Robust Gaussian Process Regression Based on Iterative Trimming
This work provides a more robust regression method for researchers and practitioners using Gaussian Processes, particularly when dealing with datasets prone to outliers, which is a common problem in real-world applications.
This paper addresses the issue of Gaussian Process (GP) regression being biased by outliers by introducing a new algorithm that iteratively trims extreme data points. The method significantly improves model accuracy for contaminated data, outperforming standard GP and Student-t likelihood variants in most test cases.

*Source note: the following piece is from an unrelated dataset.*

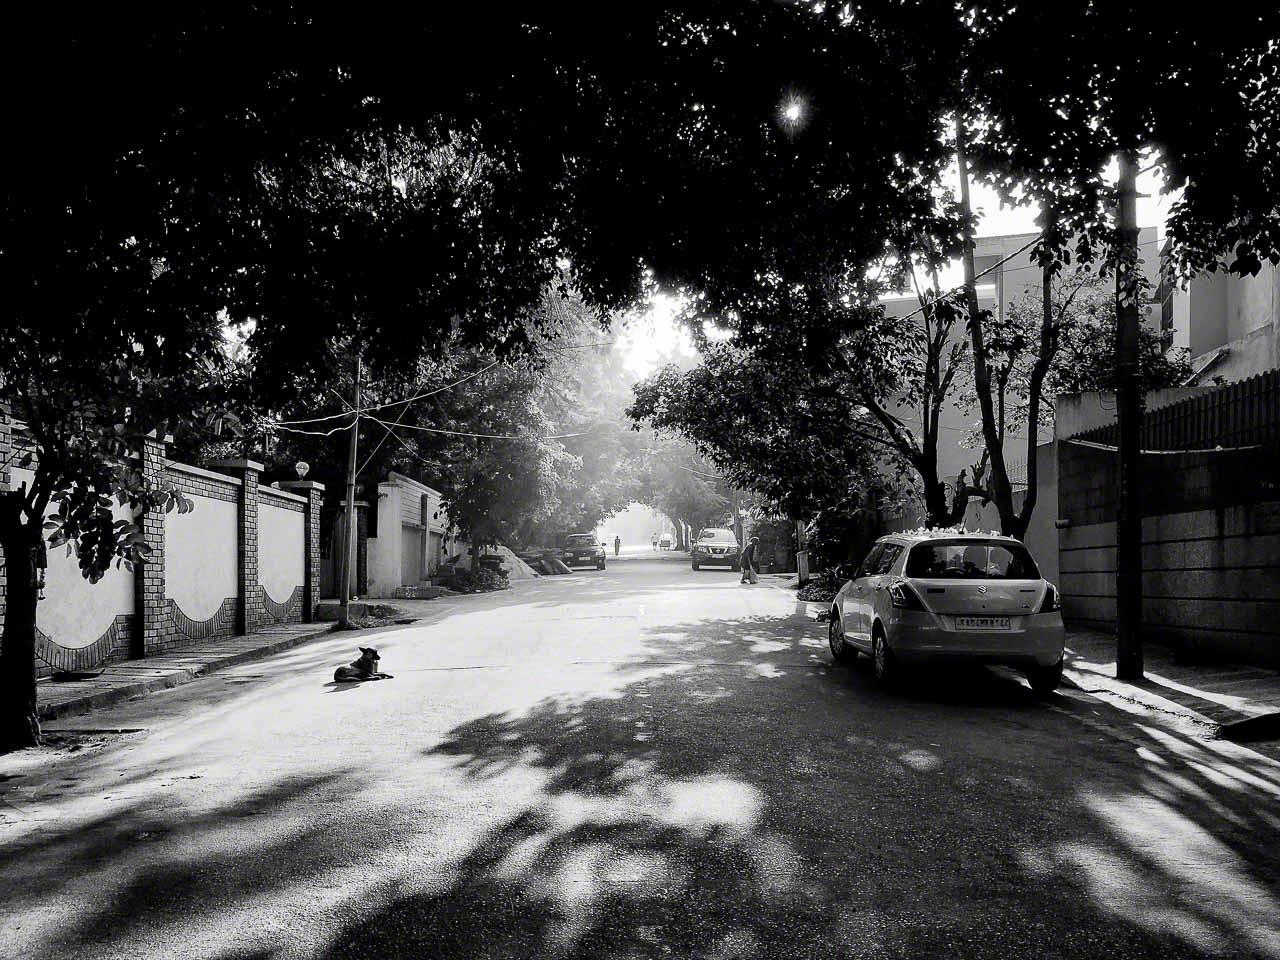 151018-bangalore-074712-Edit-instagram.jpg

The Gaussian process (GP) regression can be severely biased when the data are contaminated by outliers. This paper presents a new robust GP regression algorithm that iteratively trims the most extreme data points. While the new algorithm retains the attractive properties of the standard GP as a nonparametric and flexible regression method, it can greatly improve the model accuracy for contaminated data even in the presence of extreme or abundant outliers. It is also easier to implement compared with previous robust GP variants that rely on approximate inference. Applied to a wide range of experiments with different contamination levels, the proposed method significantly outperforms the standard GP and the popular robust GP variant with the Student-t likelihood in most test cases. In addition, as a practical example in the astrophysical study, we show that this method can precisely determine the main-sequence ridge line in the color-magnitude diagram of star clusters.